I agree with everything you just said here.

One of the motivations behind new dialects and languages, which I think is very harmful, is the idea that we can and should, engineer the necessity to know and understand what we are doing when we program in a given language. I'm not talking about semantic leverage, higher level languages with more abstract functions on more abstract data, there are real benefits there, we will all probably agree to that.

I'm talking more about where the intent is to invest languages with more "safety", "good practices", to bake certain preferences into language features, so that writers no longer recognize these as engineering choices, and the language as a means of expression of any choice we might make, but that the language has built-in "the right way" to do things, and if the program compiles and runs at all, then it must be safe and working in certain respects.

No matter what language, craft and knowledge are not optional. The language that we choose for a problem domain wants to give us freedom to express our choices, while taking care of the things that wold otherwise weigh us down. Some people would say that's exactly what the new dialects bring us, but I see too much artificial orthodoxy invented last week, and too many declarations of the "one true way", in many of the most recent languages, for my taste.
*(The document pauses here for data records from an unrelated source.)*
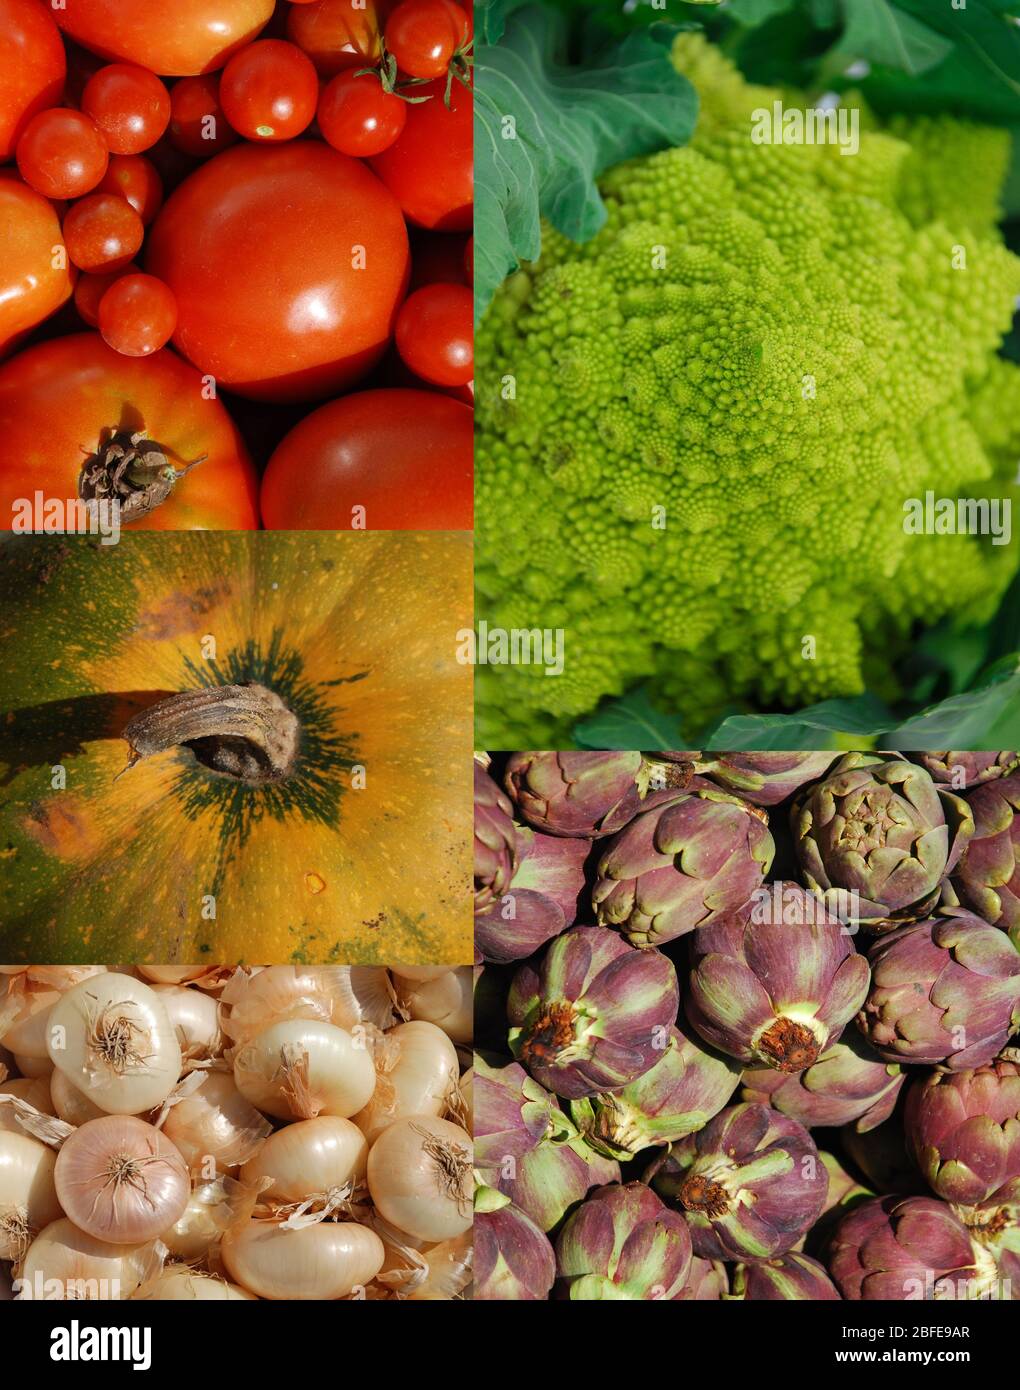 Collage di 5 coloratissimi tipi di verdure: Cavolfiore romanesco, carciofi, zucca, cipolle e una varietà di pomodori (compresa ciliegia e prugna) Foto Stock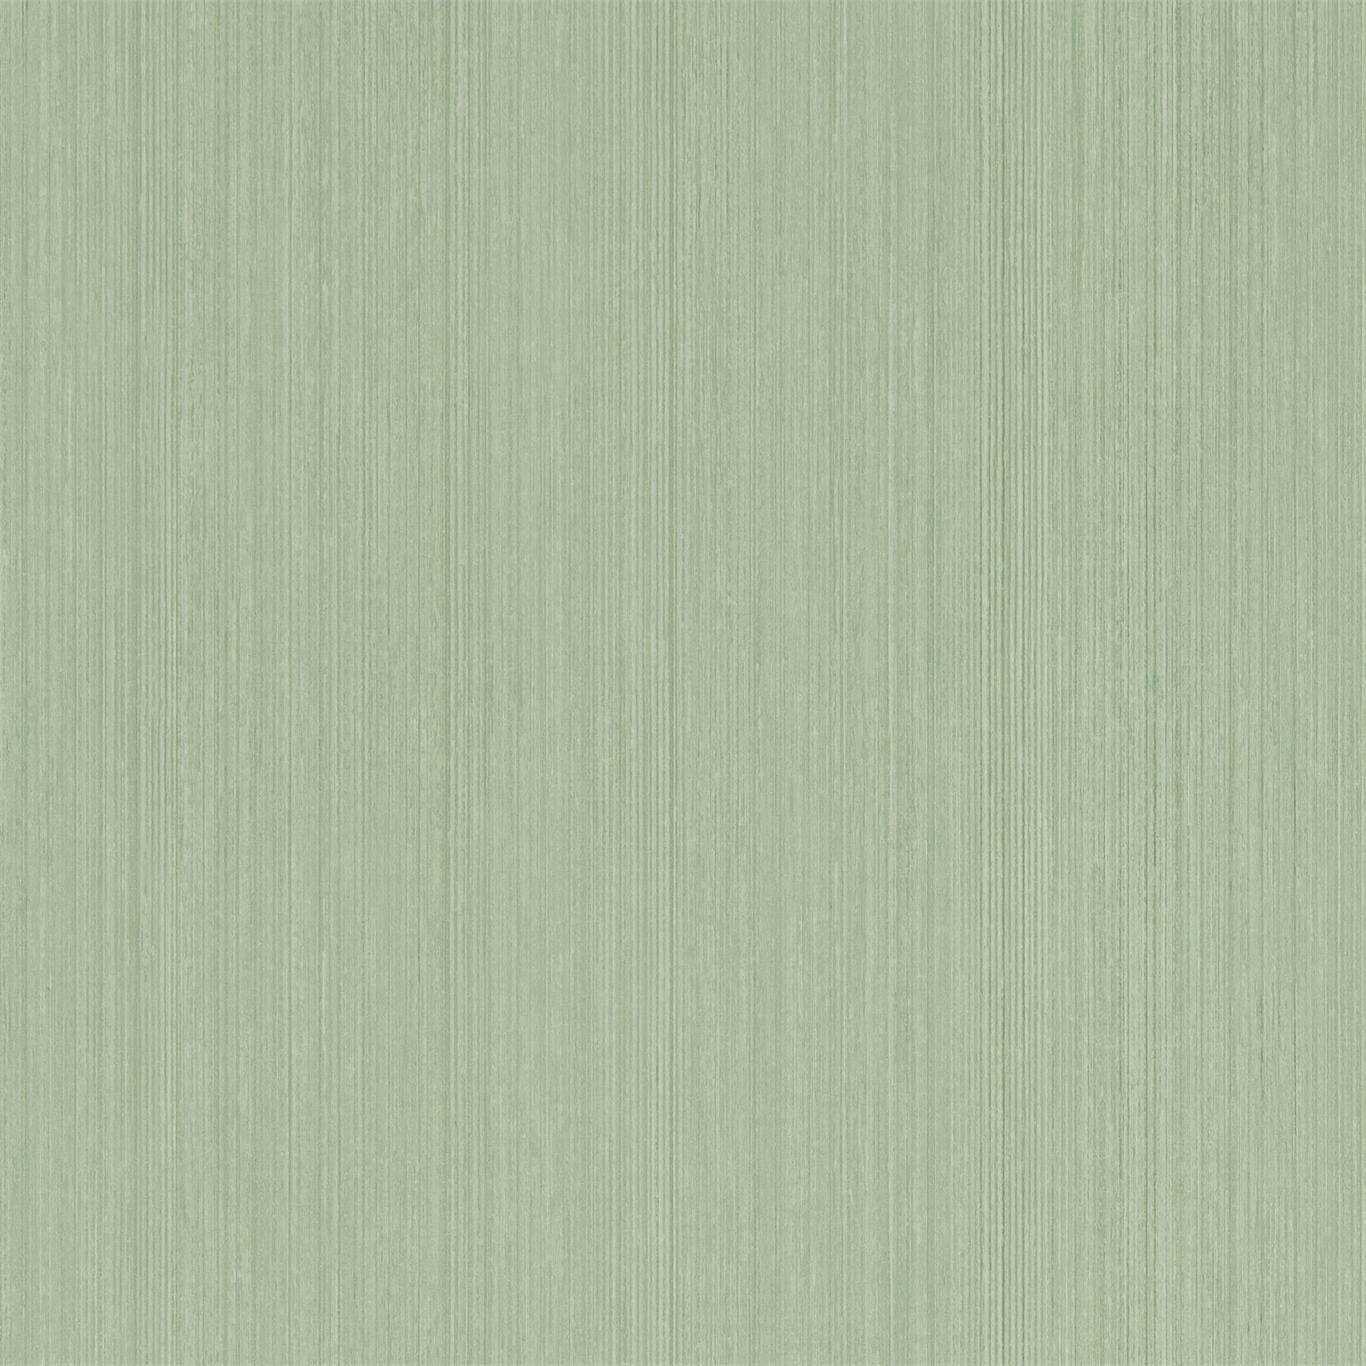 Osney Leaf Green Wallpaper DLMW216892 by Sanderson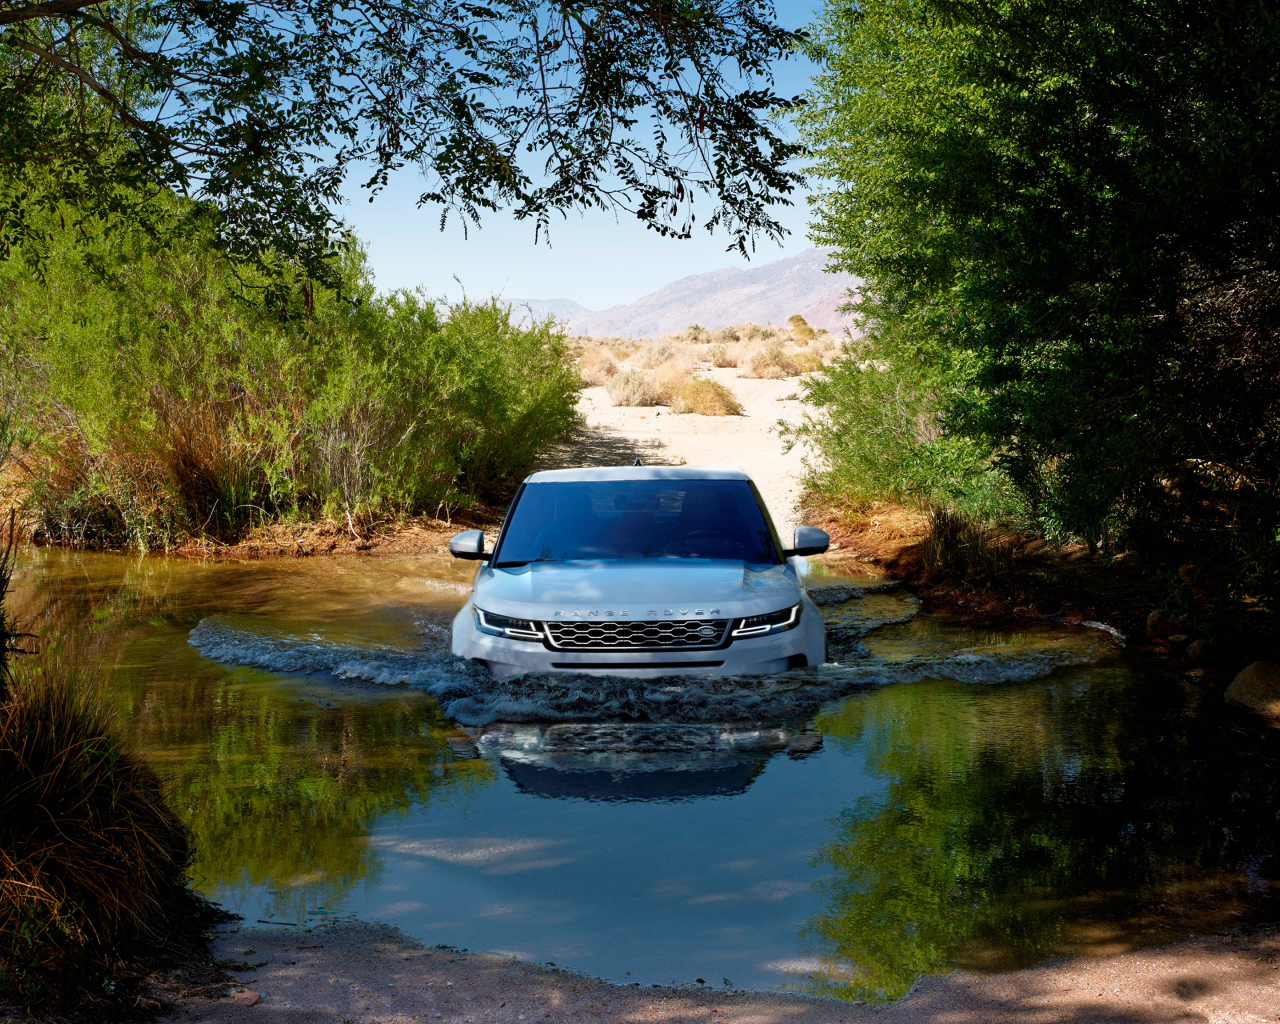 White SUV Range Rover Evoque rides on water

On 03/13/2023 12:00 PM, Clem Cole wrote:


On Mon, Mar 13, 2023 at 12:00 PM Paul Winalski <paul.winalski@gmail.com> wrote:
... The committee's goal is to standardize existing practice of the language
in a way that is implementable on the widest range of hardware and OS
platforms, and to provide a controlled way to add language extensions.
Ah, the problem, of course, is right there. 

Too many people try to "fix" programming languages, particularly academics and folks working on a new PhD. Other folks (Gnu is the best example IMO) want to change things so the compiler writers (and it seems like the Linux kernel developers) can do something "better" or "more easily."  As someone (I think Dan Cross) said, when that happens, it's no longer C. Without Dennis here to say "whoa," - the committee is a tad open loop.   Today's language is hardly the language I learned before the "White Book" existed in the early/mid 1970s.  It's actually quite sad.   I'm not so sure we are "better" off.

Frankly, I'd probably rather see ISO drop a bunch of the stuff they are now requiring and fall back at least to K&R2 -- keep it simple. The truth is that we still use the language today is that K&R2 C was then (and still is) good enough and got (gets) the job done extremely well.    Overall, I'm not sure all the new "features" have added all that much.